- The Washington Times - Friday, April 5, 2002

Confessed Russian spy Robert P. Hanssen's unauthorized use of FBI computers to obtain confidential information on Hillary Rodham Clinton, her daughter, Chelsea, and FBI Director Louis J. Freeh was never detected by FBI internal security officials, an investigation says.
A 13-month probe into FBI security problems by a seven-member commission, headed by former CIA and FBI Director William H. Webster, said Hanssen, a veteran FBI counterintelligence agent, gained entry to computers on more than 20 occasions for information on the first lady, Chelsea Clinton and Mr. Freeh.
The commission's 107-page report, released yesterday, said Hanssen ran searches with the names "Hillary Rodham Clinton," "Hillary" and "Chelsea," along with at least one on Mr. Freeh. The report said had FBI security officials been aware of these searches, "it seems likely" they would have found this activity "peculiar" and it would have received "close scrutiny."
The report also said Hanssen searched for documents containing his name, spelled several different ways, his home address, names of agents in FBI espionage squads, code names of espionage investigations, counterintelligence restricted cases and terms such as "espionage."
Those searches, the report said, were aimed at determining if resources had been allocated to surveil the locations he used as drops for secret information. Those searches, had they been detected, should have alerted FBI security officials to his misconduct, the report said.
It was not clear what information Hanssen sought or retrieved concerning Mrs. Clinton, her daughter or Mr. Freeh, but the report concluded that FBI security officials should have detected the unauthorized searches.
The report, delivered to Attorney General John Ashcroft, said FBI senior executives paid little attention to significant deficiencies in the bureau's internal security system, and that FBI executives hampered by a fragmented and uncoordinated internal security system failed to correct long-standing security problems.
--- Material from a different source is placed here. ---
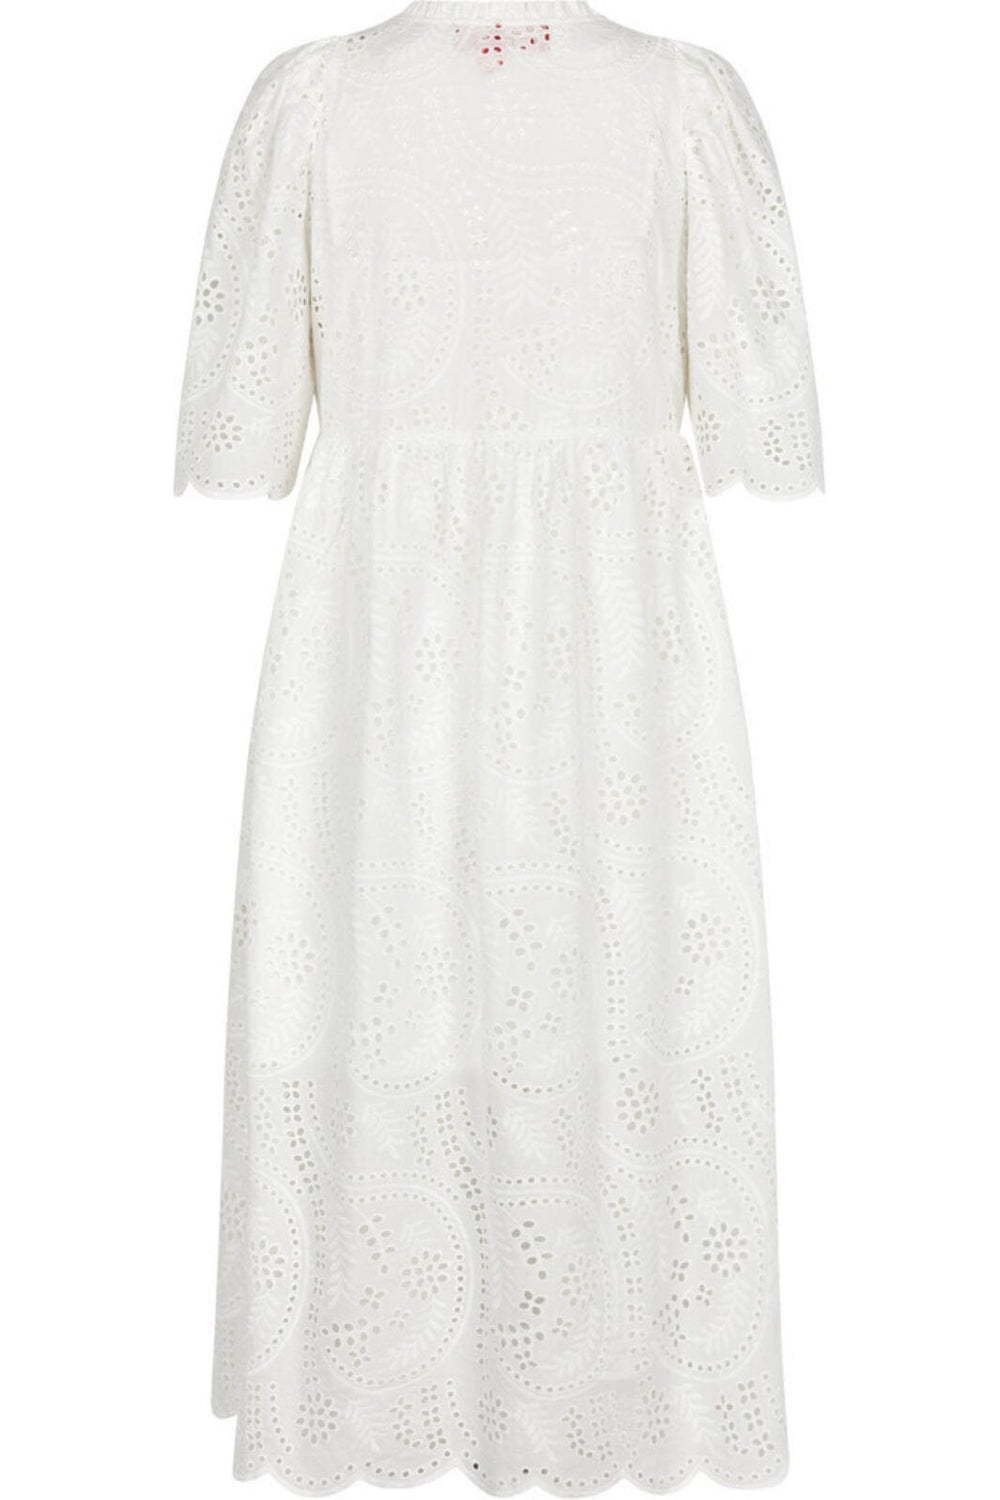 Forudbestilling - Cras - Breezecras Dress - 1000 White Kjoler

The commission documented extensive FBI technology and management problems that led to internal security breakdowns. It also concluded that FBI executives gave low priority to security matters, that the bureau was using outdated computers, networks and encryption standards, and that, as a result, morale among rank-and-file agents was low and dropping.
It also said security training at the FBI was almost nonexistent, and agents usually adopted security duties as additional assignments.
Hanssen's January 2001 arrest as a spy exposed extensive weaknesses in the FBI's internal security system, including document-handling procedures and a policy of not requiring regular polygraph tests for agents like Hanssen involved in high-profile national security cases.
His arrest in a Virginia park, where he was dropping off information for his Russian handlers, led to the creation of the Webster commission.
"Regrettably, the report by the Webster commission demonstrates how a trusted insider, through repeated acts of betrayal and treachery over more than 20 years, was able to exploit deficiencies in FBI internal security systems and procedures to cause grievous harm to the national security of the United States," said Mr. Ashcroft.
FBI Director Robert S. Mueller III, who has created a new security division to review bureau security deficiencies, said he was "confident we are on track" to making changes.
Sen. Patrick J. Leahy, Vermont Democrat and chairman of the Senate Judiciary Committee, called the report "a wake-up call not only for the FBI, but for other federal agencies" who have failed to safeguard their internal security systems.
The commission said Hanssen was proficient in combing through the FBI's automated records system, and that he had downloaded "reams" of classified information to disks. It also said he collected the information unchallenged as a senior agent and retrieved data from computers at offices where he did not work.
Karen Dunn, spokeswoman for Mrs. Clinton, now the junior Democratic senator from New York, did not return calls for comment. Mr. Freeh also was unavailable.
Hanssen pleaded guilty in July to 13 counts of espionage against the United States, one count of conspiracy and one count of attempted espionage dating back more than 20 years. He was accused of spying for Russia and the Soviet Union. The government dropped six counts and waived the death penalty in return for his cooperation in assessing the damage he caused.
He faces life in prison without the possibility of parole. Sentencing is scheduled for May.